Backups will record the request sent by primary, and the timestamp we mentioned earlier will help backups avoid missing the operation, and backups will send a confirmation message when the request is recorded. After the primary receives the confirmation message from the majority, it executes the request and returns the result to the client. But here's a question: backups don't need to execute the request.
►view-change protocol
The process of creating a new view as a result of a fault is similar to Paxos, which is to first propose a new View-id and then propose a new view.
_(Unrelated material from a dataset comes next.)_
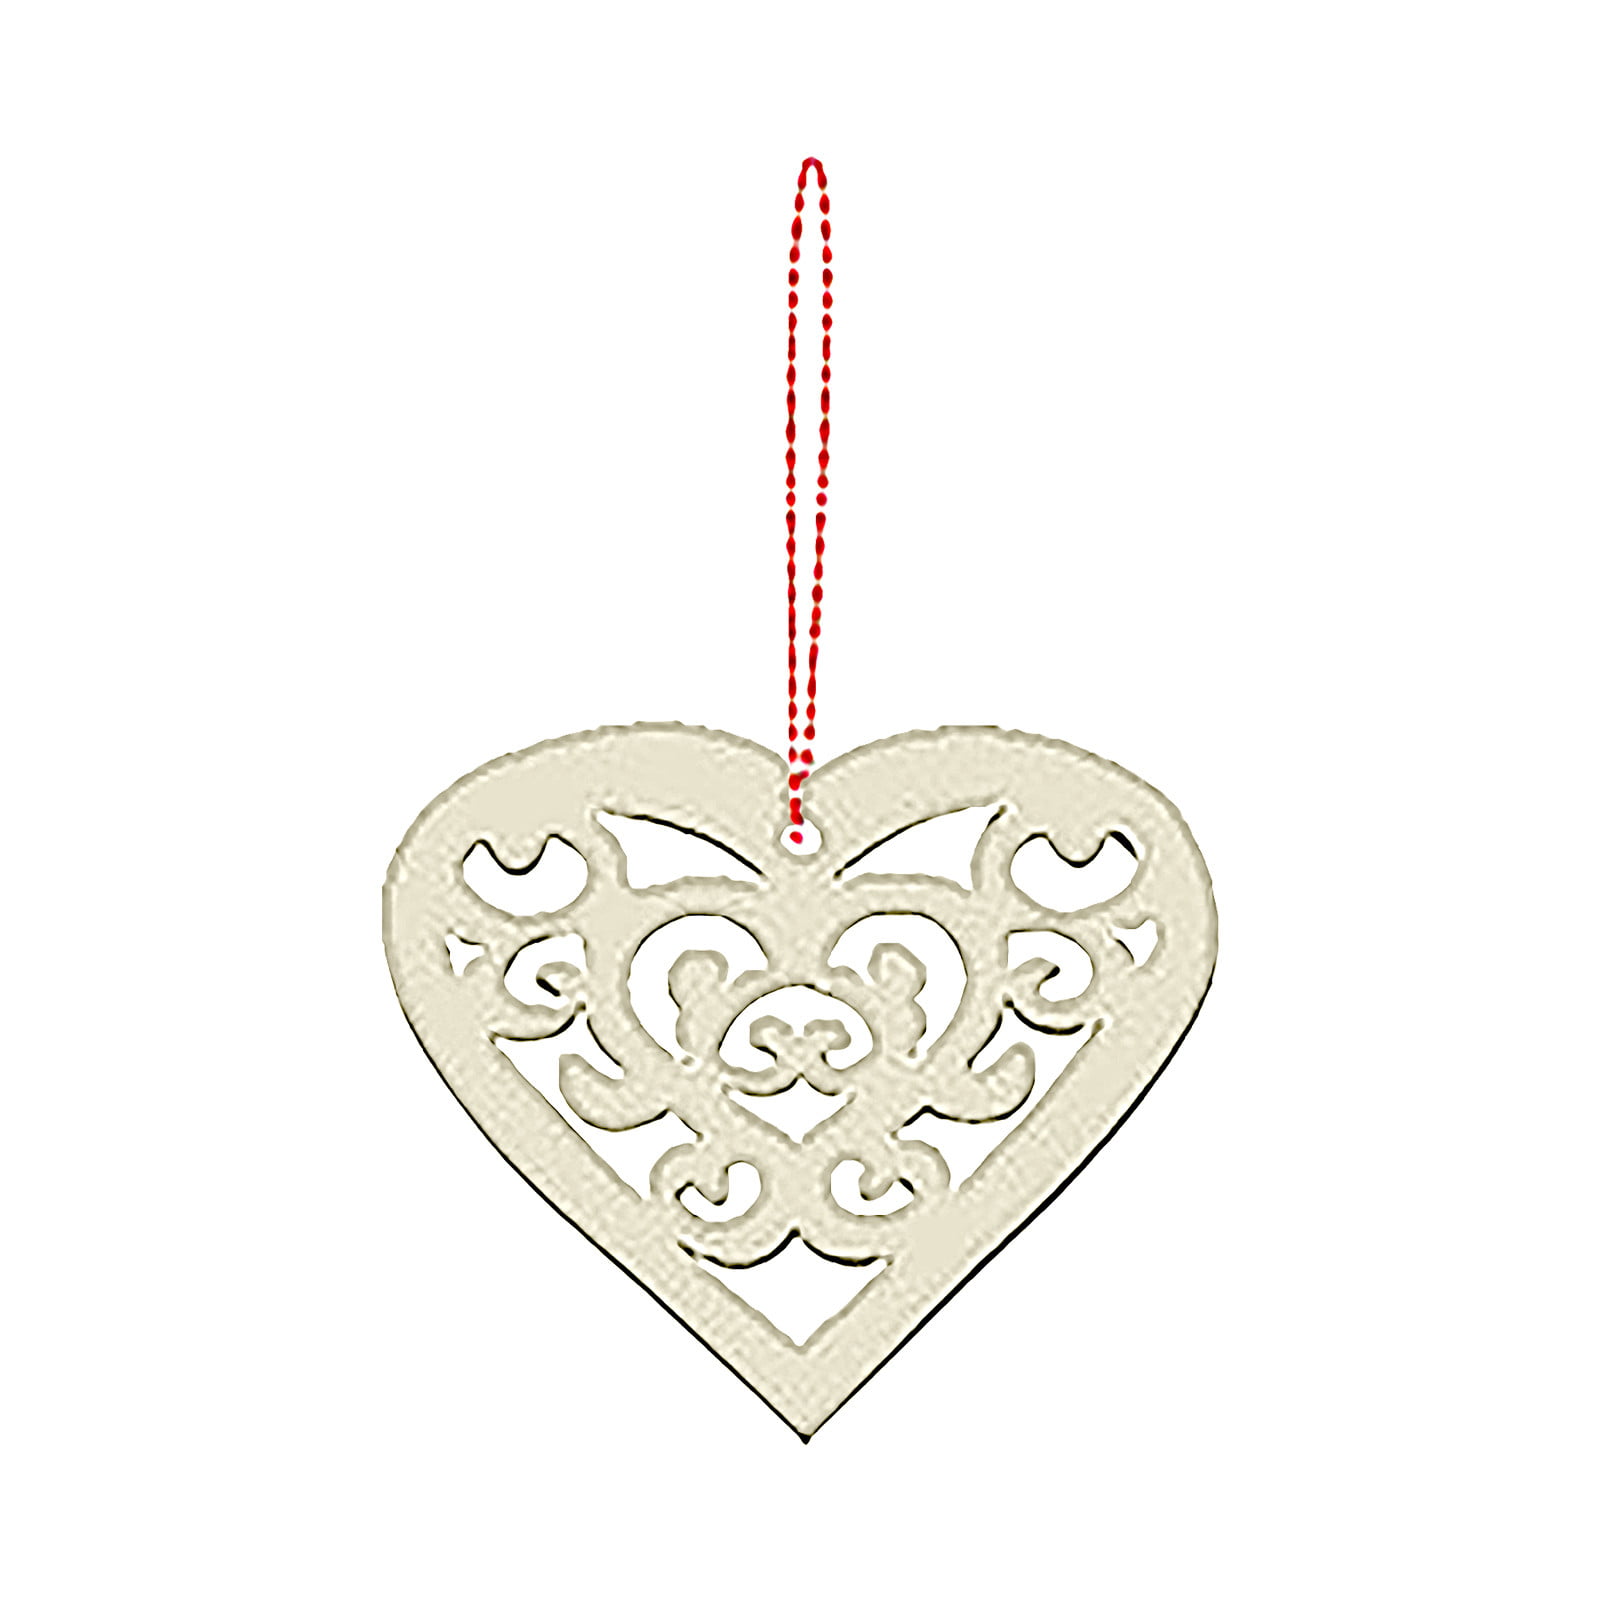 50Pcs Theme Letter Wooden Heart Chips Wedding Decor Embellishments Craft Supply 
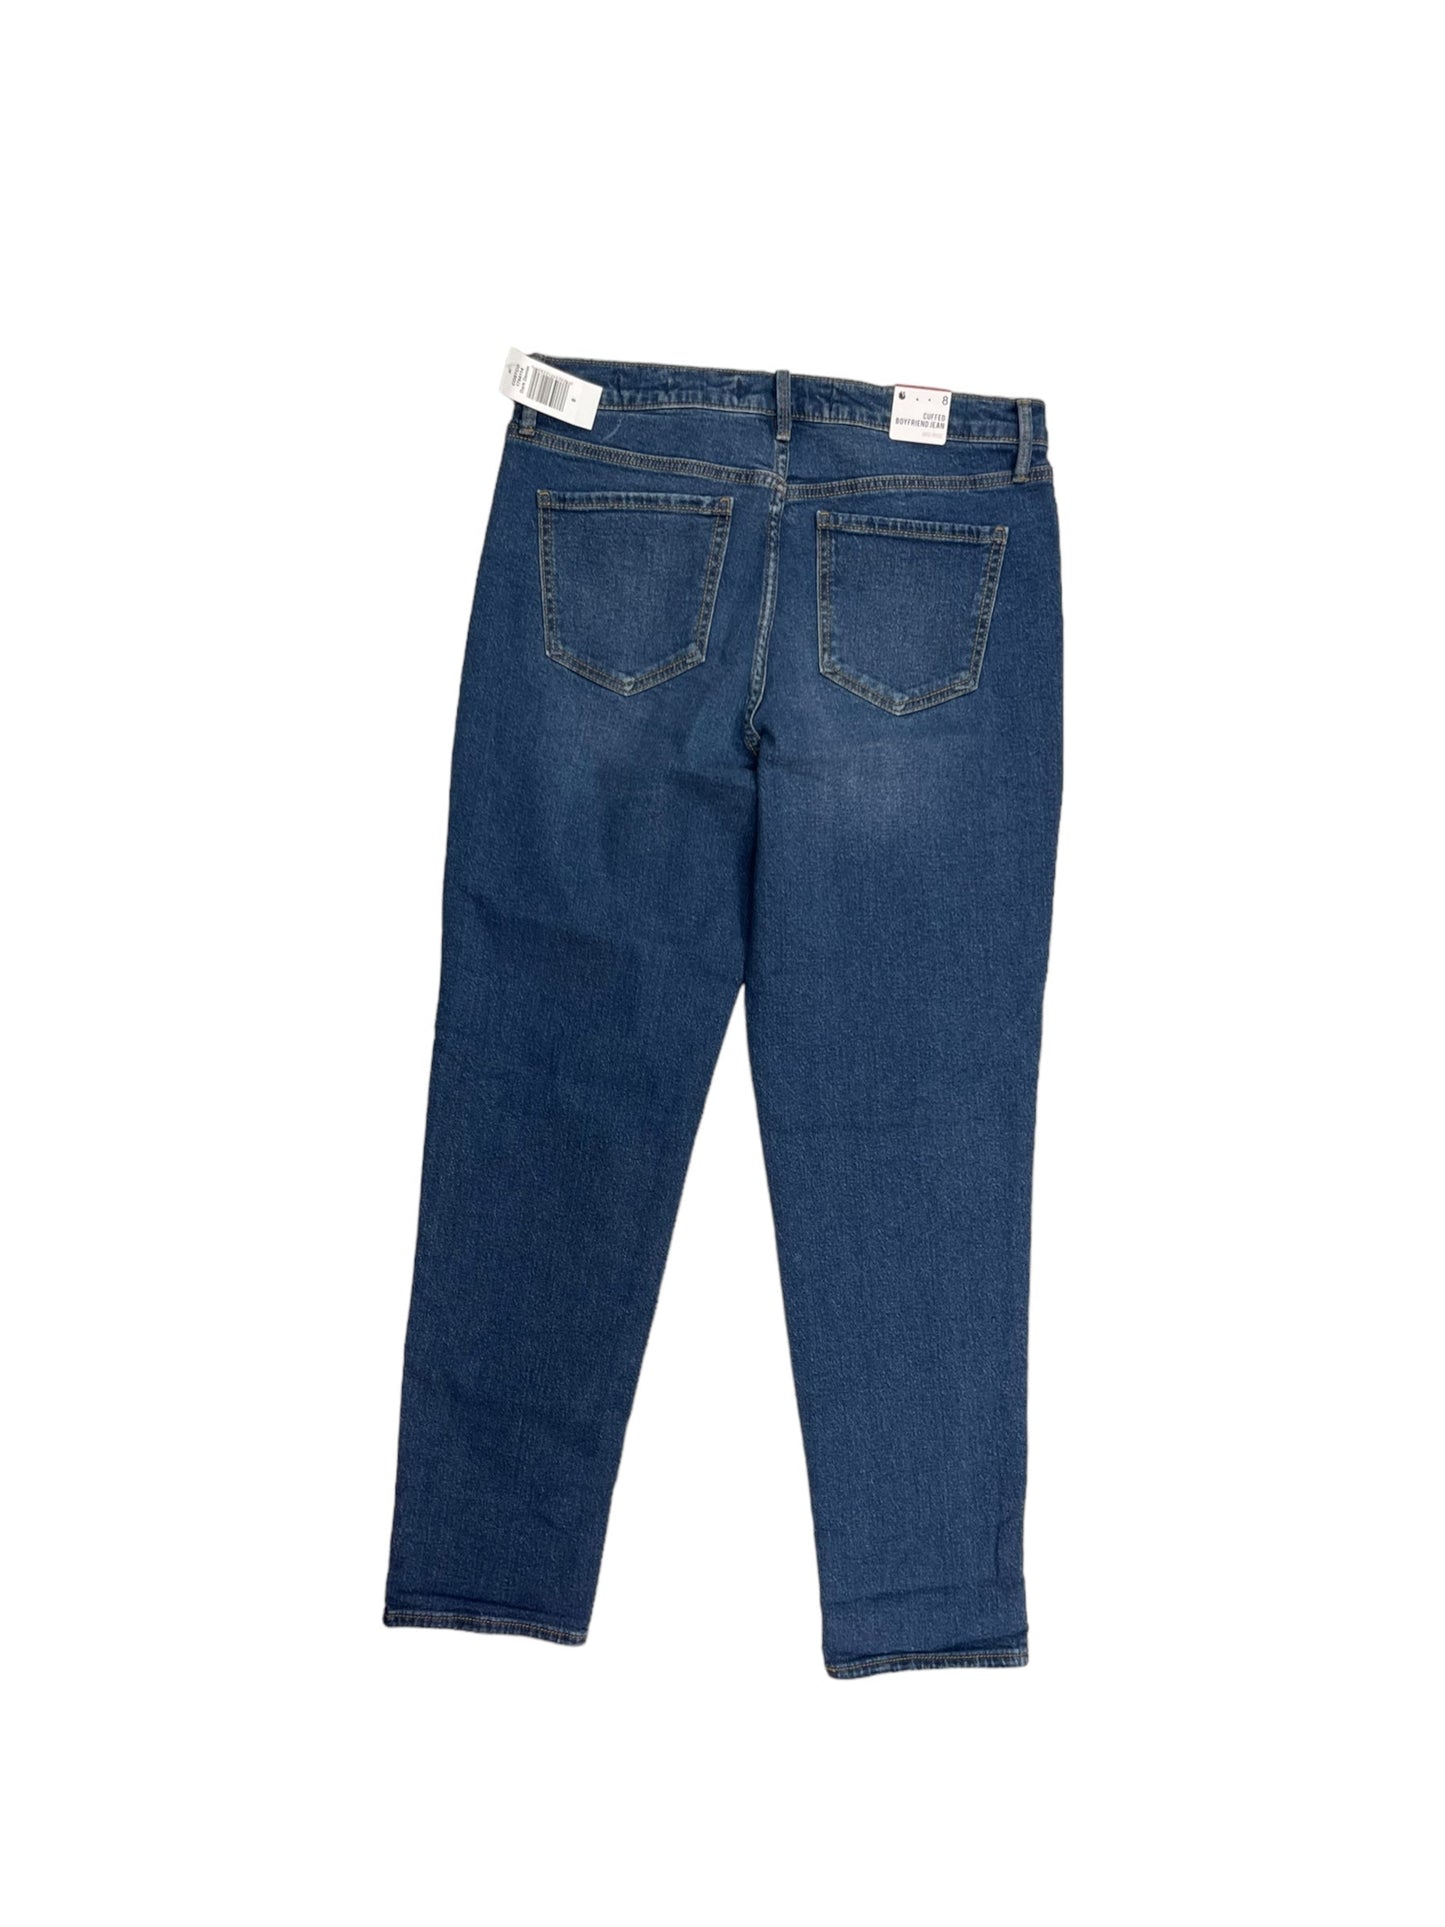 Blue Denim Jeans Boyfriend Gloria Vanderbilt, Size 8

Figure 4 Below is the process of this View-change protocol:
When the View Manager (View-id cohort) picks up the new View-id, it sends a VIEW_CHANGE_ARG message to the other cohorts, and after that you send me back to pick the new view and primary.
►optimizations
One optimization of the model is that the Protocol requires all requests to be broadcast to backups, including read-only operations, but this article takes the optimization that if the majority commitment in backups 60 seconds does not form a new view,primary will temporarily reply to read-only requests, Instead of broadcasting it to backups. Another optimization is: If you want to detect a failure, at least three replicas, we can reduce to two replicas, and let the third Machine act as an observer role, that is, the normal situation will not participate in the execution of the request, only if the failure or network Partition then joins the consistency protocol to form a view with the other two machines.